Personal information
- Nicknames: Ko-Ko; The Cobra;
- Nationality: Hungarian
- Born: 17 August 1970 (age 55) Budapest, Hungarian People's Republic (now Hungary)
- Height: 5 ft 7 in (170 cm)
- Weight: Featherweight

Boxing career
- Reach: 66 in (168 cm)
- Stance: Orthodox

Boxing record
- Total fights: 23
- Wins: 22
- Win by KO: 11
- Losses: 1

Medal record
Men's Boxing
Representing Hungary
Olympic Games
| Bronze medal – third place | 1992 Barcelona | Flyweight |
| Gold medal – first place | 1996 Atlanta | Bantamweight |
World Amateur Championships
| Gold medal – first place | 1991 Sydney | Flyweight |
| Gold medal – first place | 1997 Budapest | Featherweight |
European Amateur Championships
| Gold medal – first place | 1991 Gothenburg | Flyweight |
| Bronze medal – third place | 1993 Bursa | Bantamweight |
| Gold medal – first place | 1996 Vejle | Bantamweight |

= István Kovács (boxer) =

Hungarian boxer

István Kovács (born August 17, 1970), nicknamed Ko-Ko or sometimes The Cobra, is a Hungarian retired world champion boxer. He is a Secretary General of the AIBA.

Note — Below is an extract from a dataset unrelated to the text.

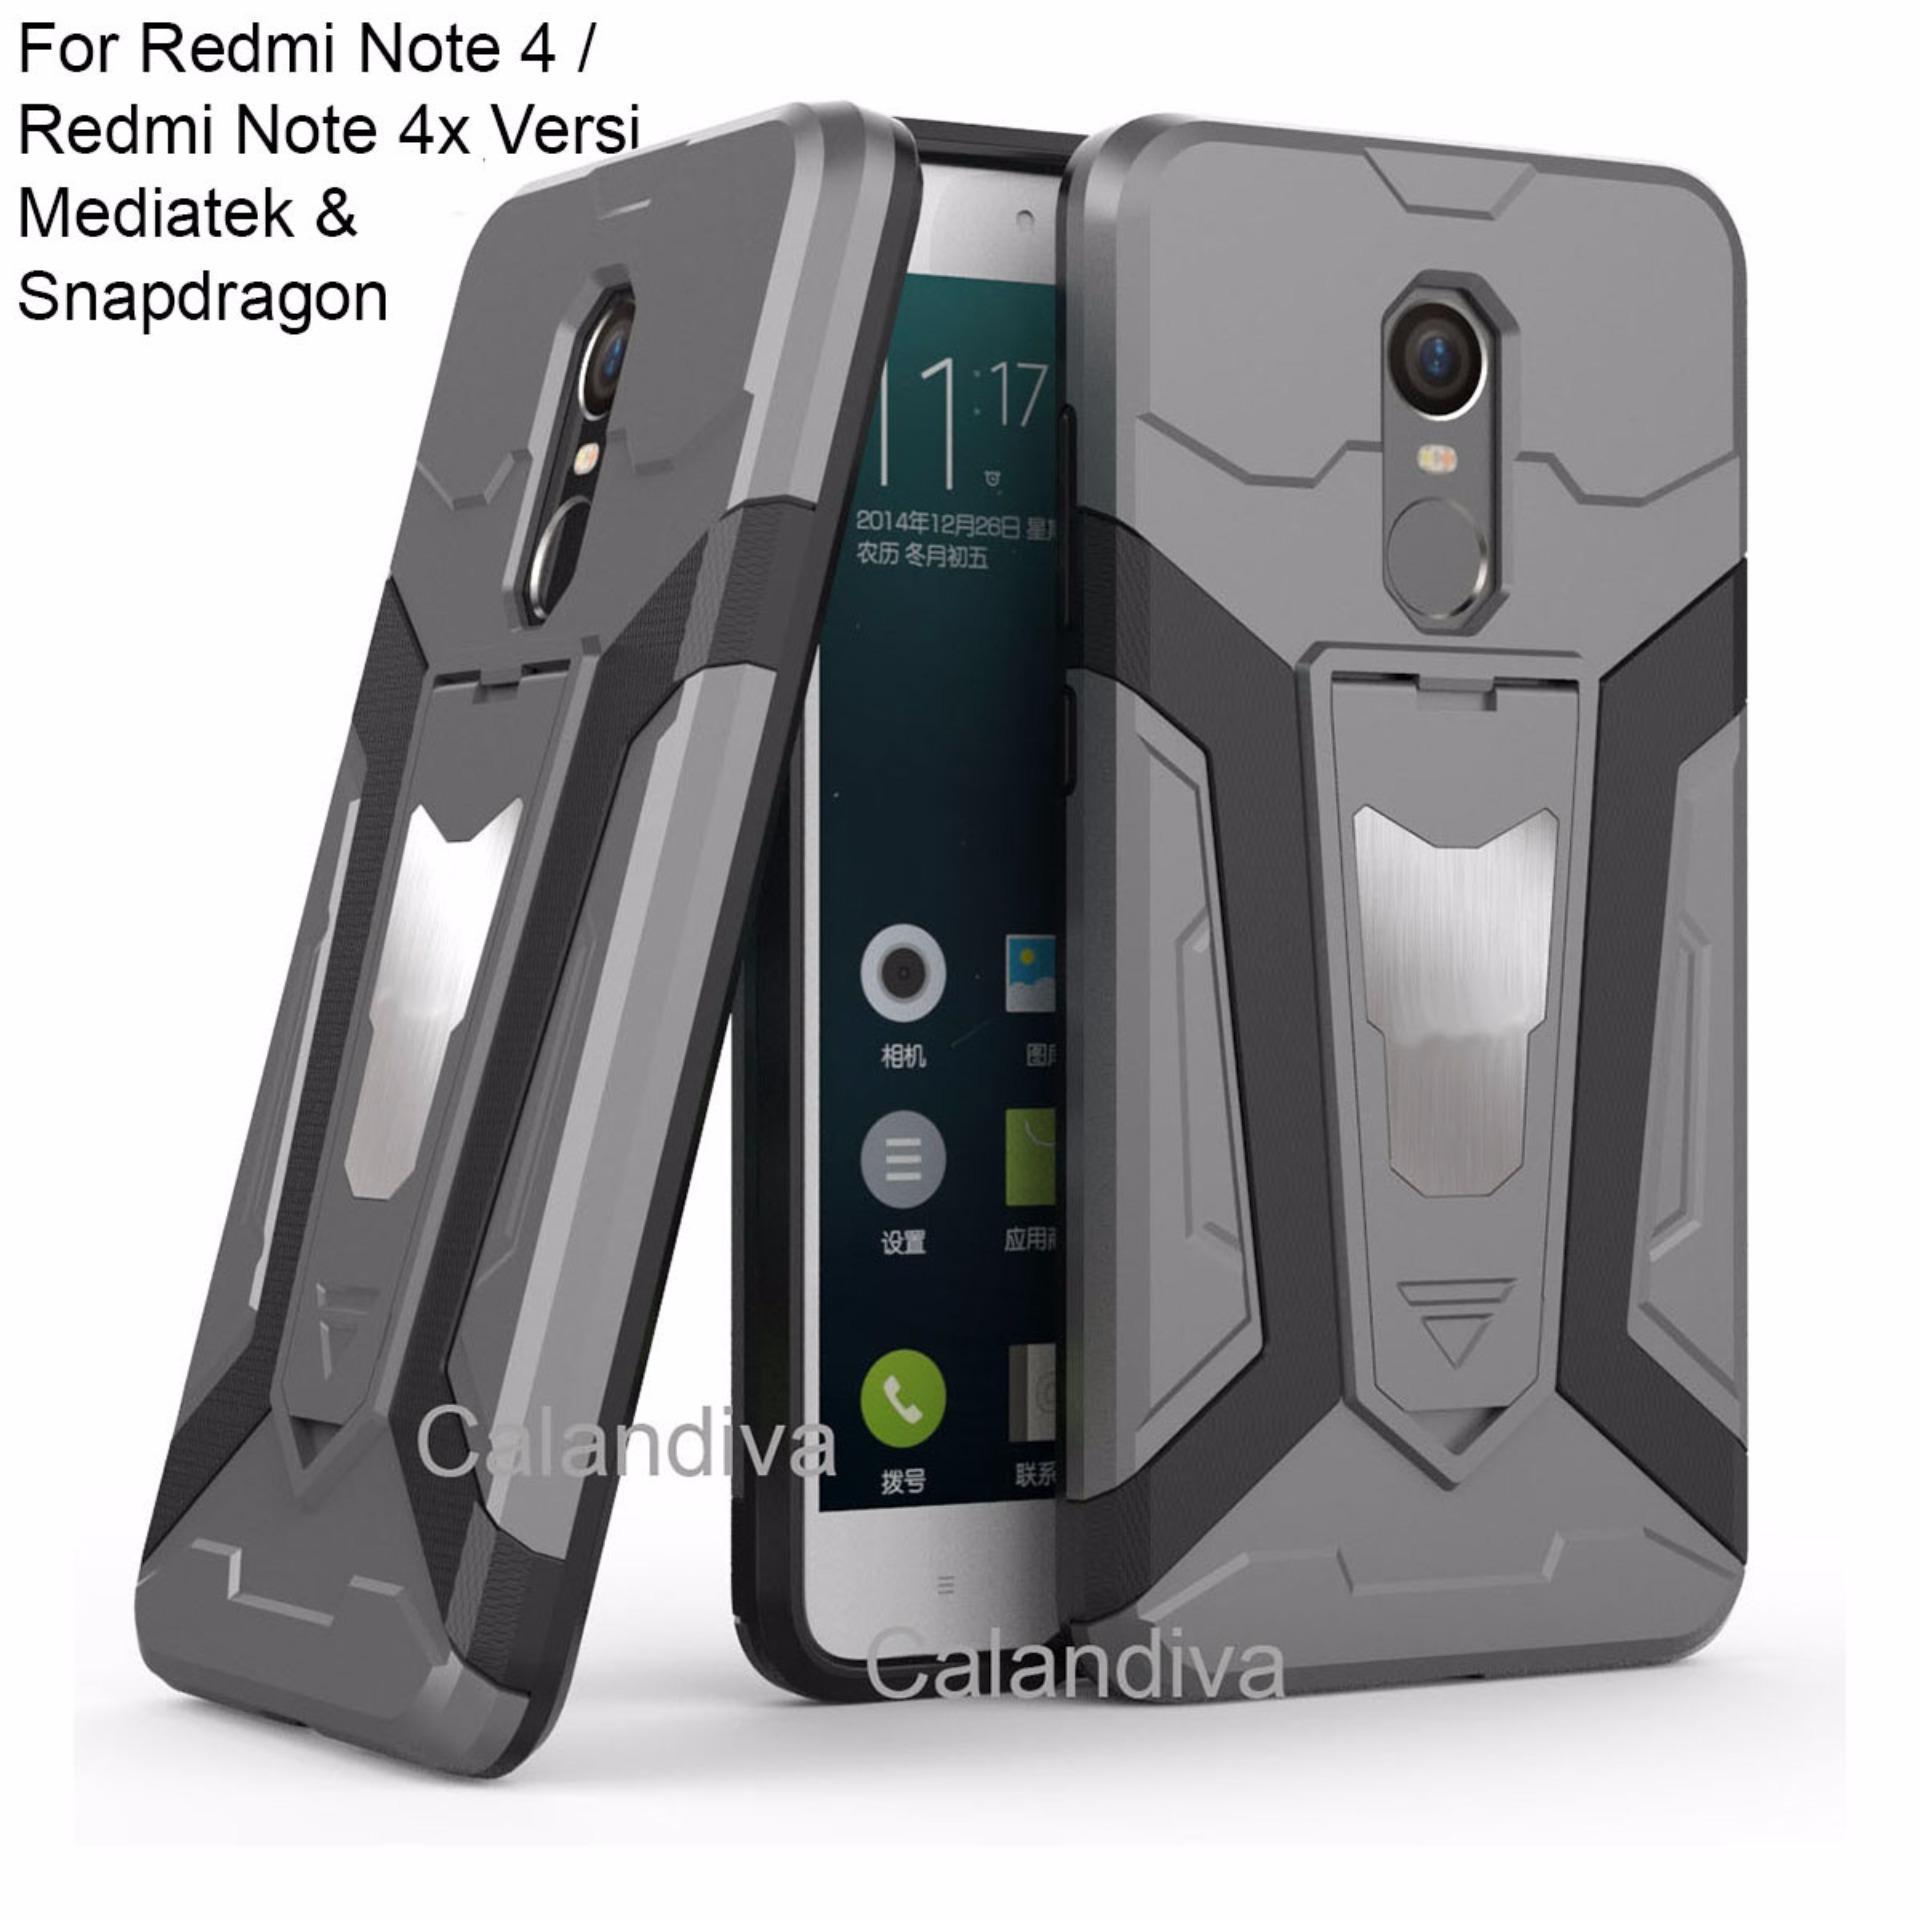 ... Calandiva Transformer Kickstand Slim Armor Hardcase for Xiaomi Redmi Note 4X / Redmi Note 4 Versi ...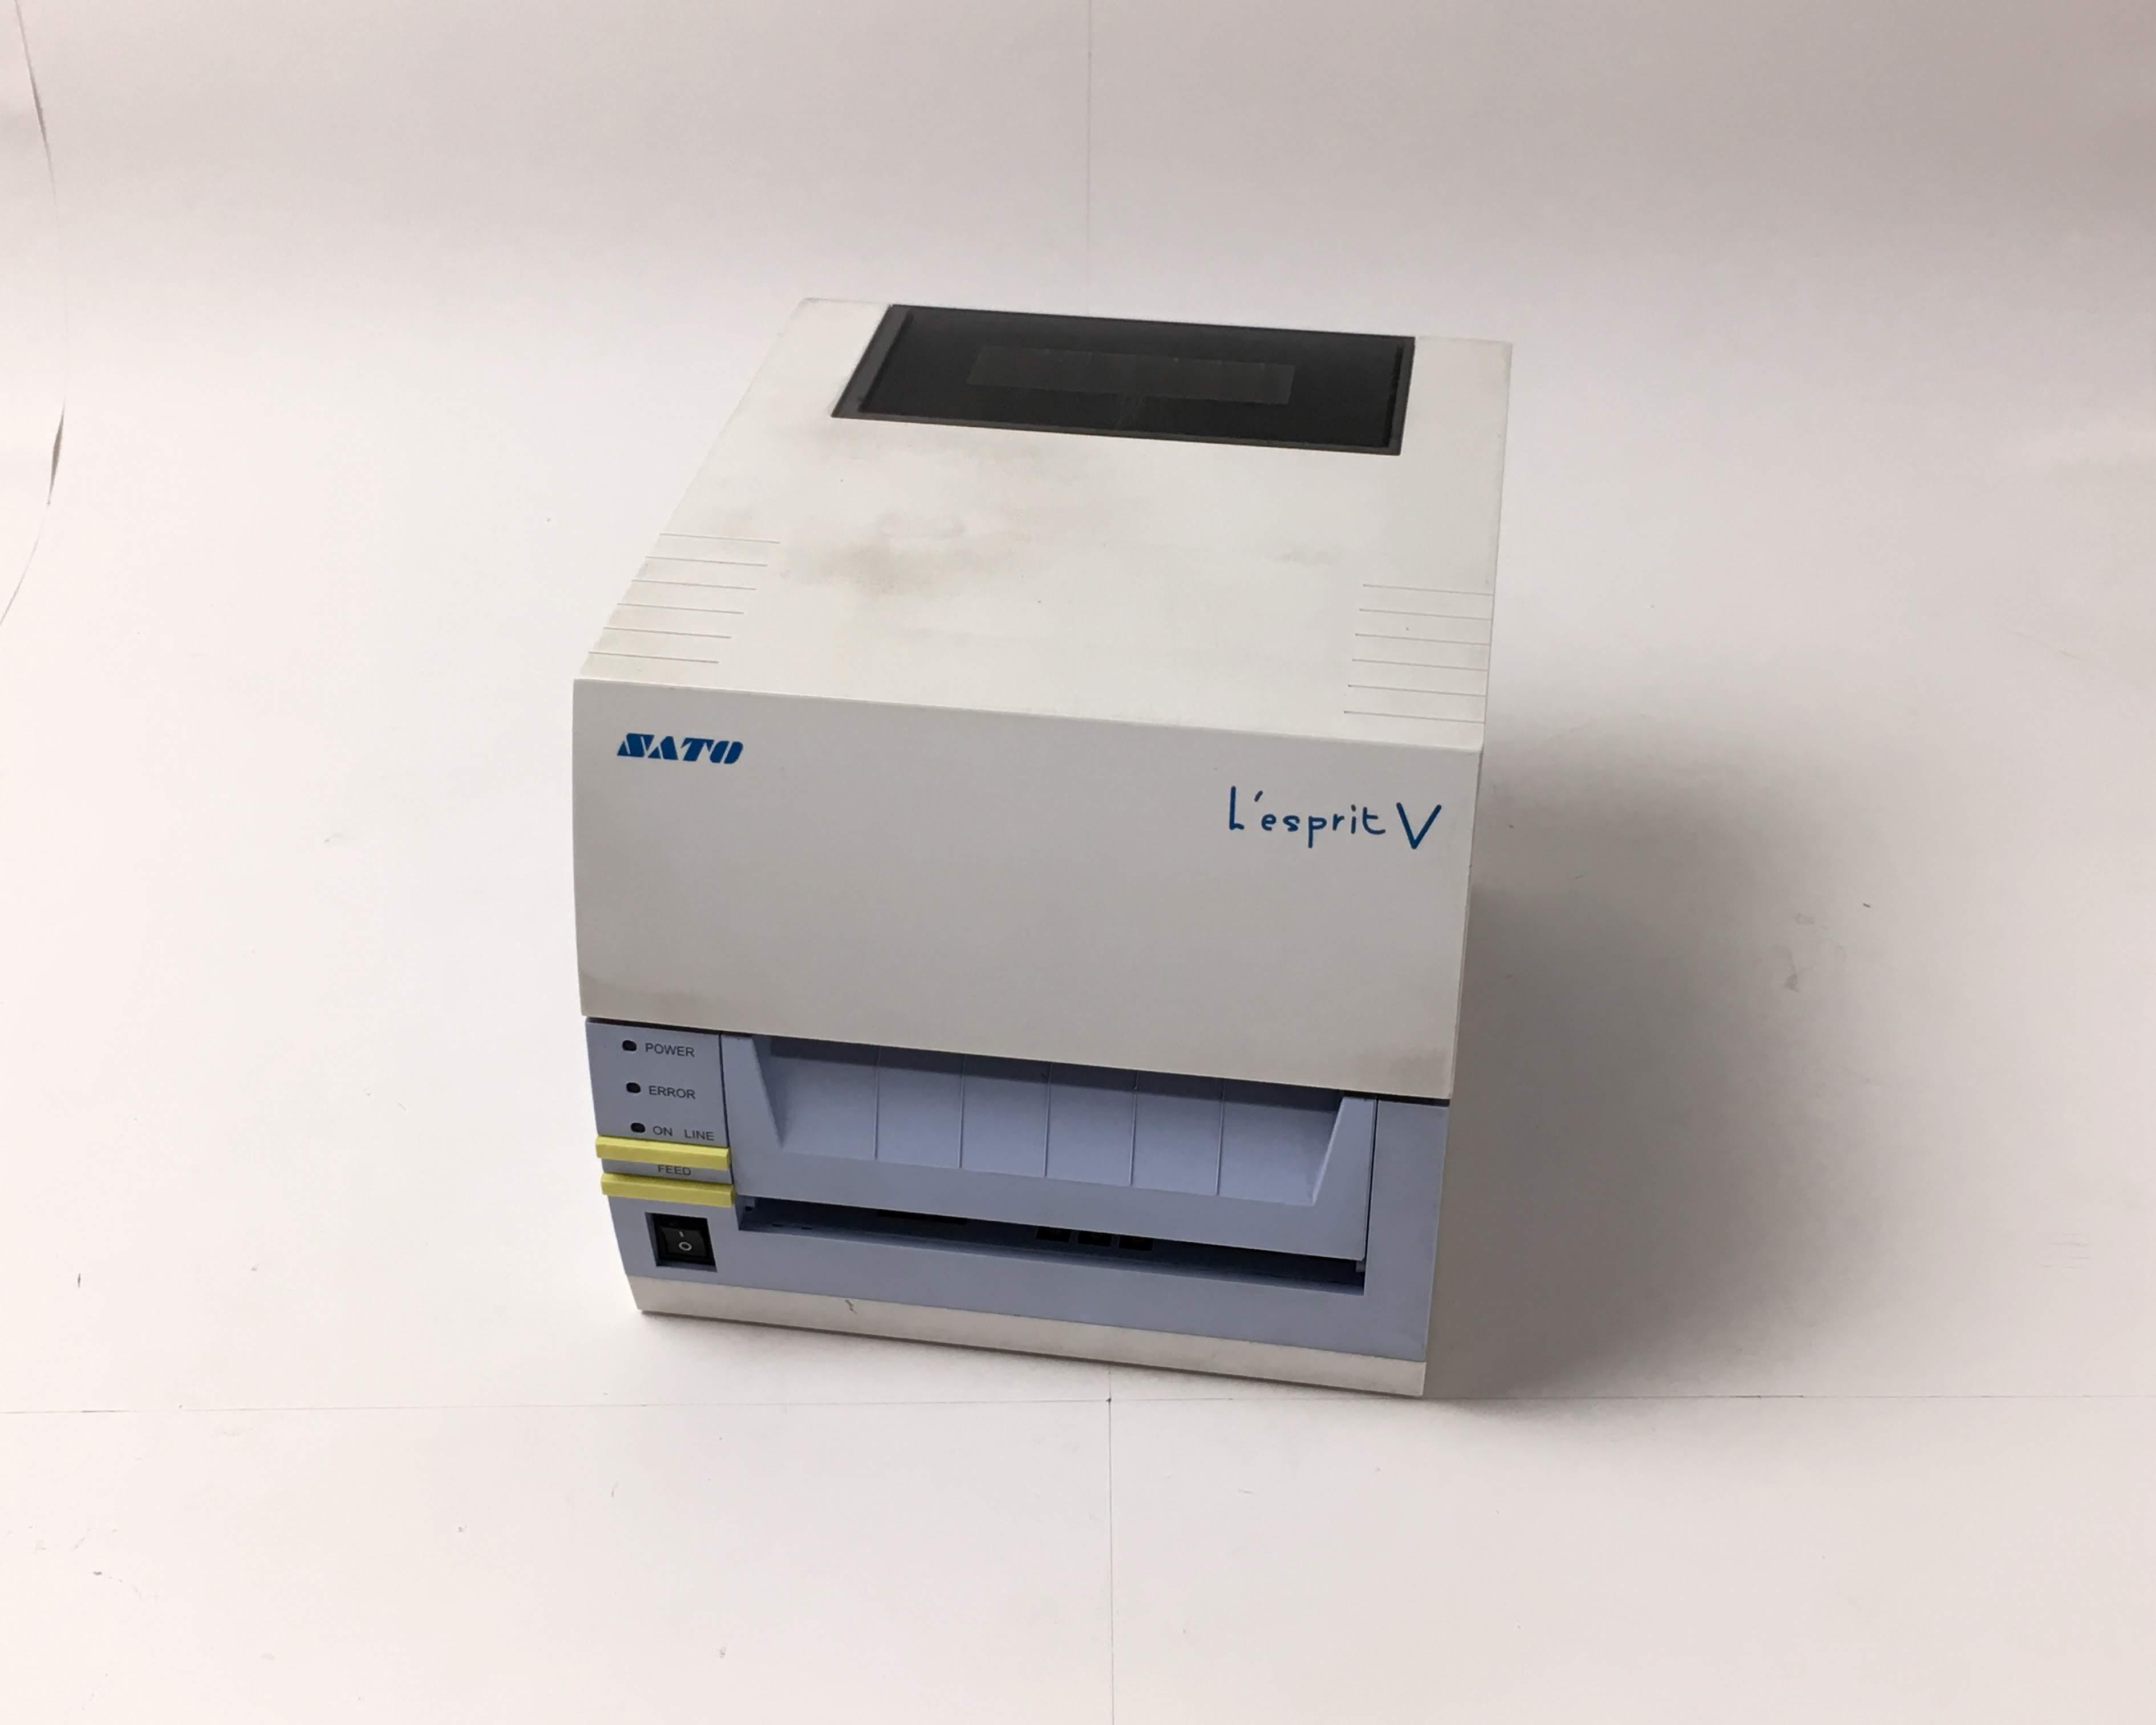 【お買得中古】SATO レスプリ(Lesprit) T408v CT (USB/RS232C) メイン画像

As an amateur, he won the bantamweight gold medal at the 1996 Summer Olympics, and was a world champion at the 1991 World Amateur Boxing Championships in flyweight and at the 1997 World Amateur Boxing Championships in featherweight.

He was a world champion as a professional, winning the WBO featherweight title in 2001.

==Amateur career==
Kovács was born in Budapest and began his sports career as a football player, training among others in the youth team of MTK Budapest. He started boxing relatively late at the age of 15 in EVIG SE. He moved to Vasas SC in 1988 where he was trained by Gyula Bódis. His first international success also came in 1988 when he won the junior-flyweight gold medal at the Junior European Championship in Gdańsk. He soon started to dominate the lower weightclasses on the Hungarian scene among such rivals like Olympic bronze medallists János Váradi and Róbert Isaszegi, and in 1990 he was already a member of the Hungarian team at the World Cup in Dublin where he won a silver medal.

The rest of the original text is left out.